Worldwide, the health of refugee women is in jeopardy. Conflict and dislocation disproportionately affect women, who already experience proportionately greater challenges in accessing health services for themselves.
Refugee women’s health care is still focussed on an antiquated view of women as child bearers and rearers.
Most of the health problems of displaced women are intertwined with the refugee experience and so not easily resolved by a hospital visit. Rape, sexual abuse, inadequate childbirth care and the psychological impact of long separation from families are well described.
Several refugee programs such as the Minimum Initial Service Package (MISP) are designed to build “comprehensive reproductive health care” and address how to prevent illness among women, newborns, and girls. It is no wonder that these programs have variable success.
Even innovative prevention programs, such as the Building Bridges program in Texas, focus mainly on cancers of the reproductive system.
As long as the care of refugee women is still focussed on an antiquated view of women as child bearers and rearers, many other health problems never get to surface. Chronic diseases are rarely mentioned in the literature describing the problems of these refugees and yet women suffer from many chronic diseases at the same rates as men. Women outpace men in the contraction of other chronic conditions, such as Vitamin D deficiency, certain communicable diseases, occupational health hazards, and injuries.

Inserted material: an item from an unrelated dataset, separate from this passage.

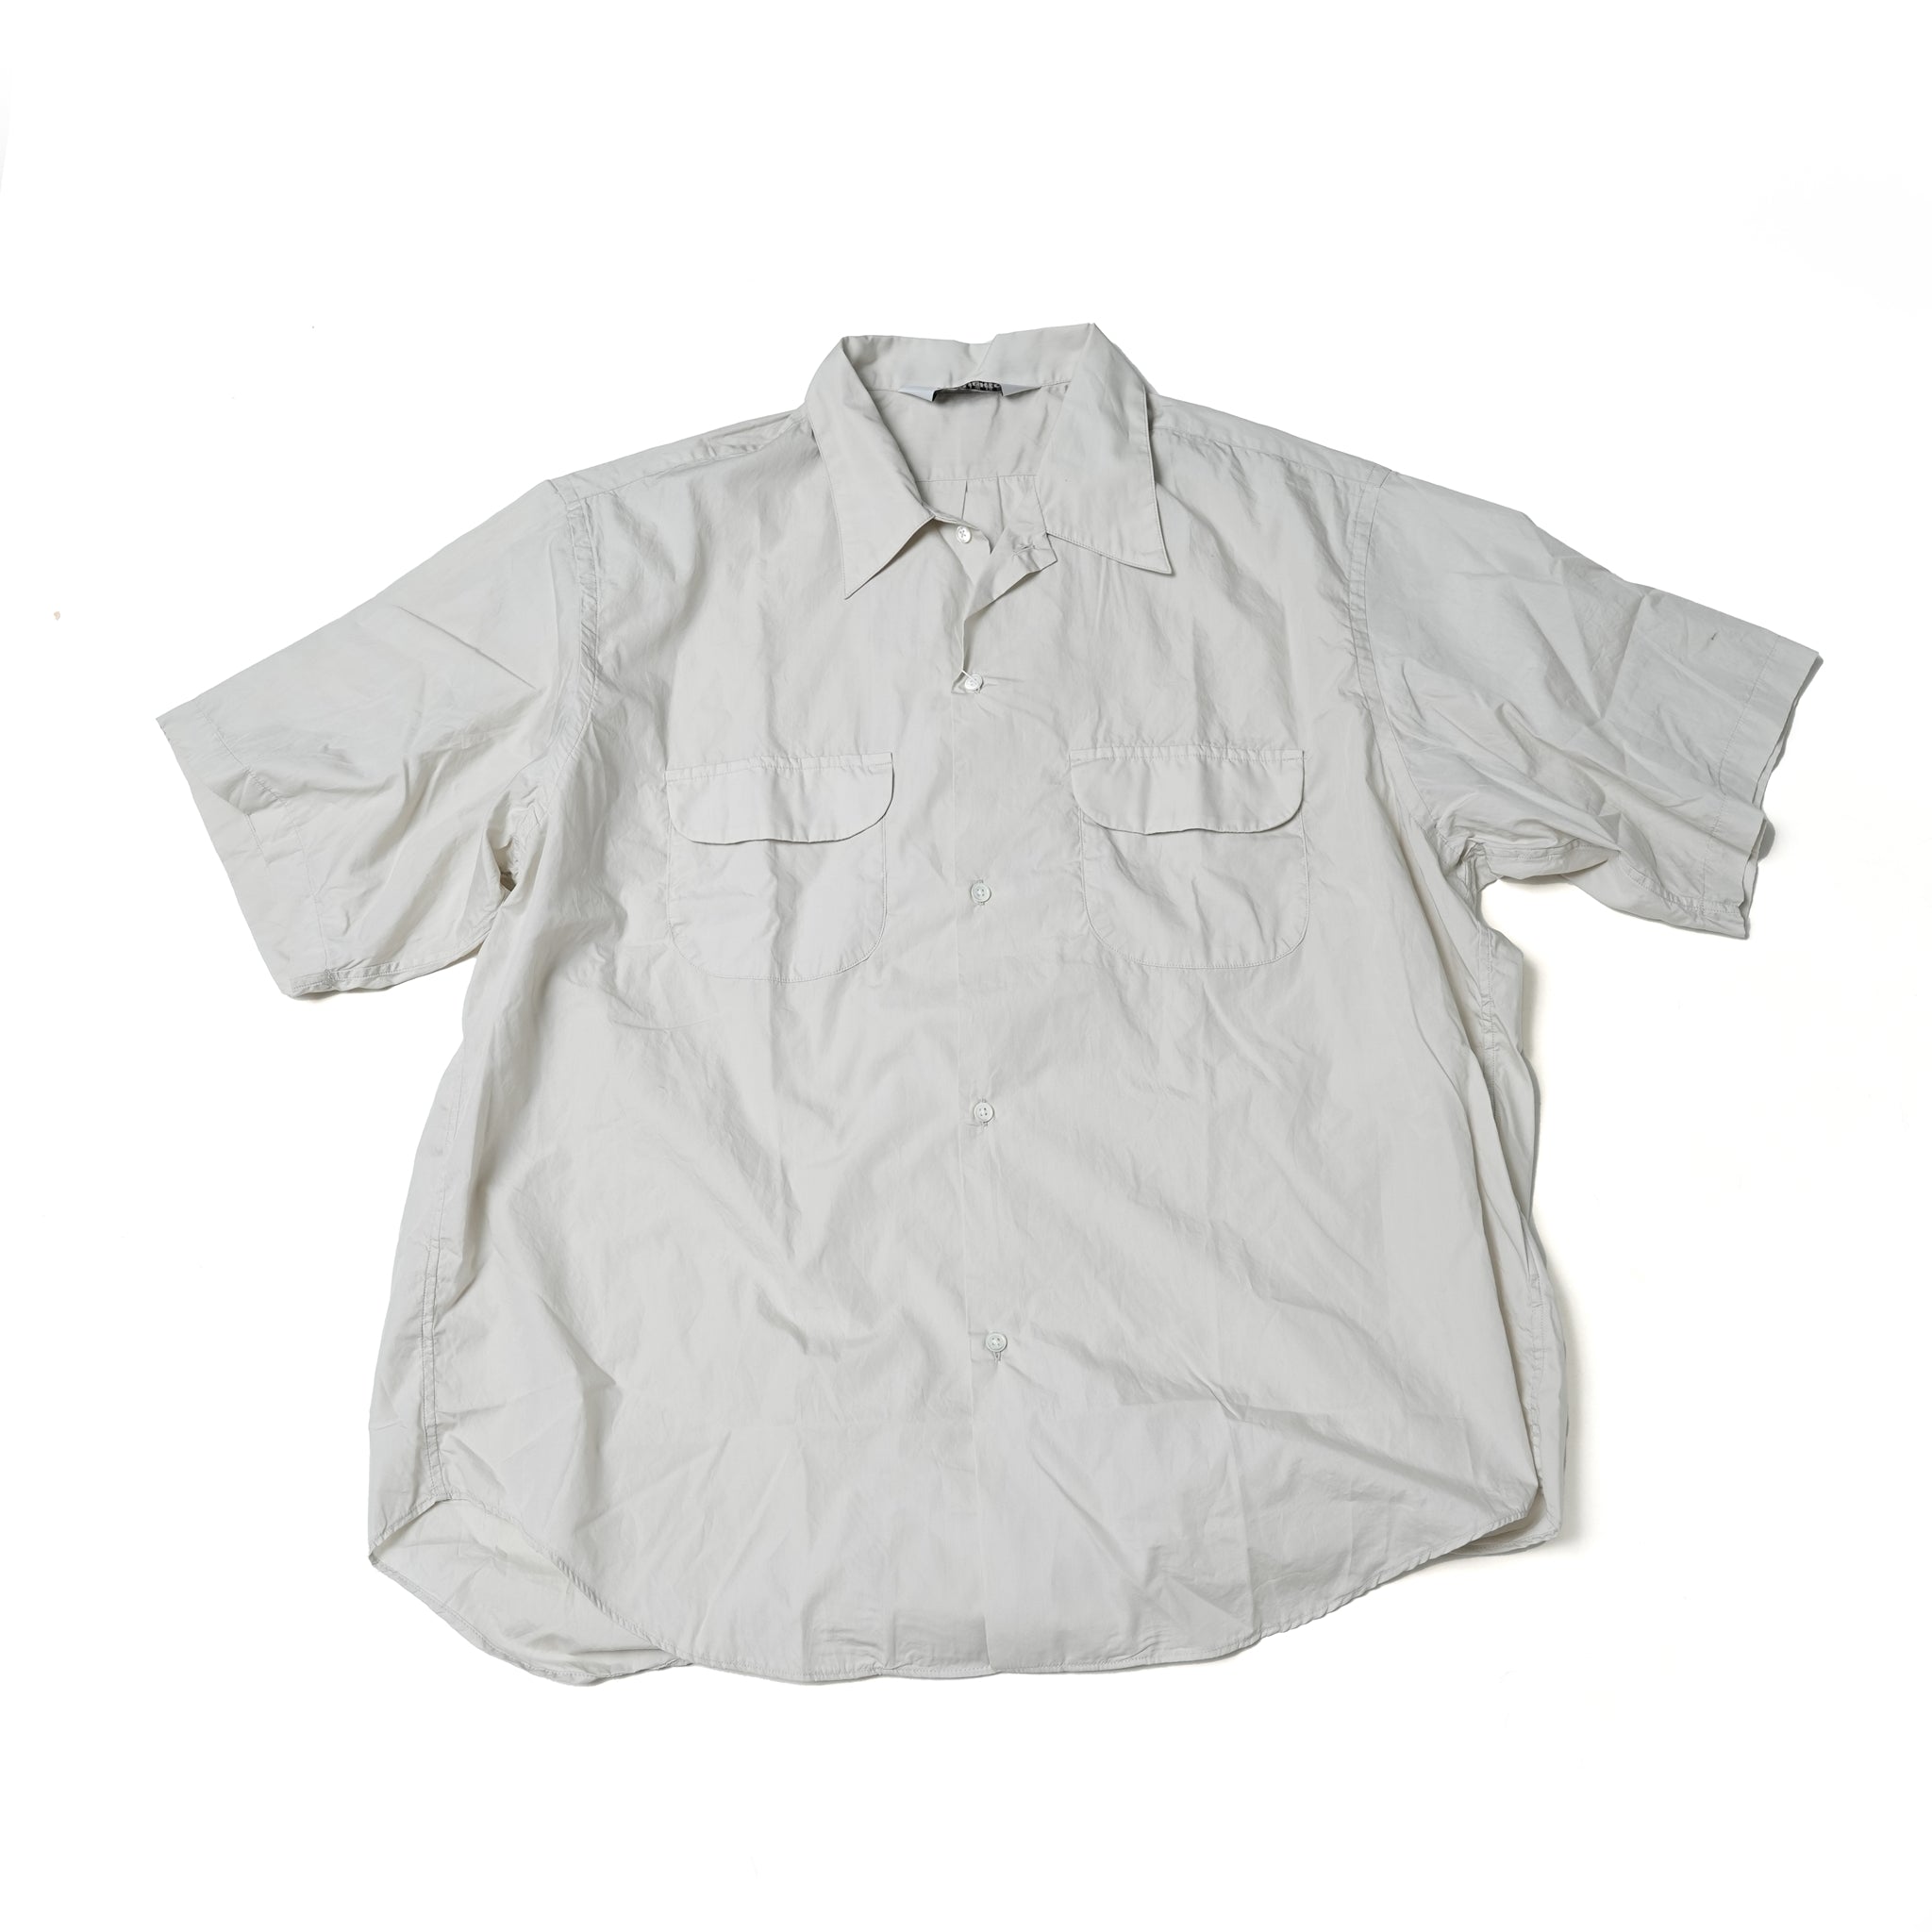 Name: FLAT COLLAR SS SHIRT *L.BEIGE 【CITYLIGHTS PRODUCTS_シティライツプロダクツ】

Whole body care needs to start at the first contact with refugee women. For example, first line health carers such disaster nurses have an important role to promote a broader concept of health security among women refugees.
Without that, refugee women sink even lower than their local counterparts into the jeopardies that still plague women’s health, for example, the resurgence of the debate about termination of pregnancy. Sadly, while our bodies are still not our own, the state of health care is even more dire for women refugees.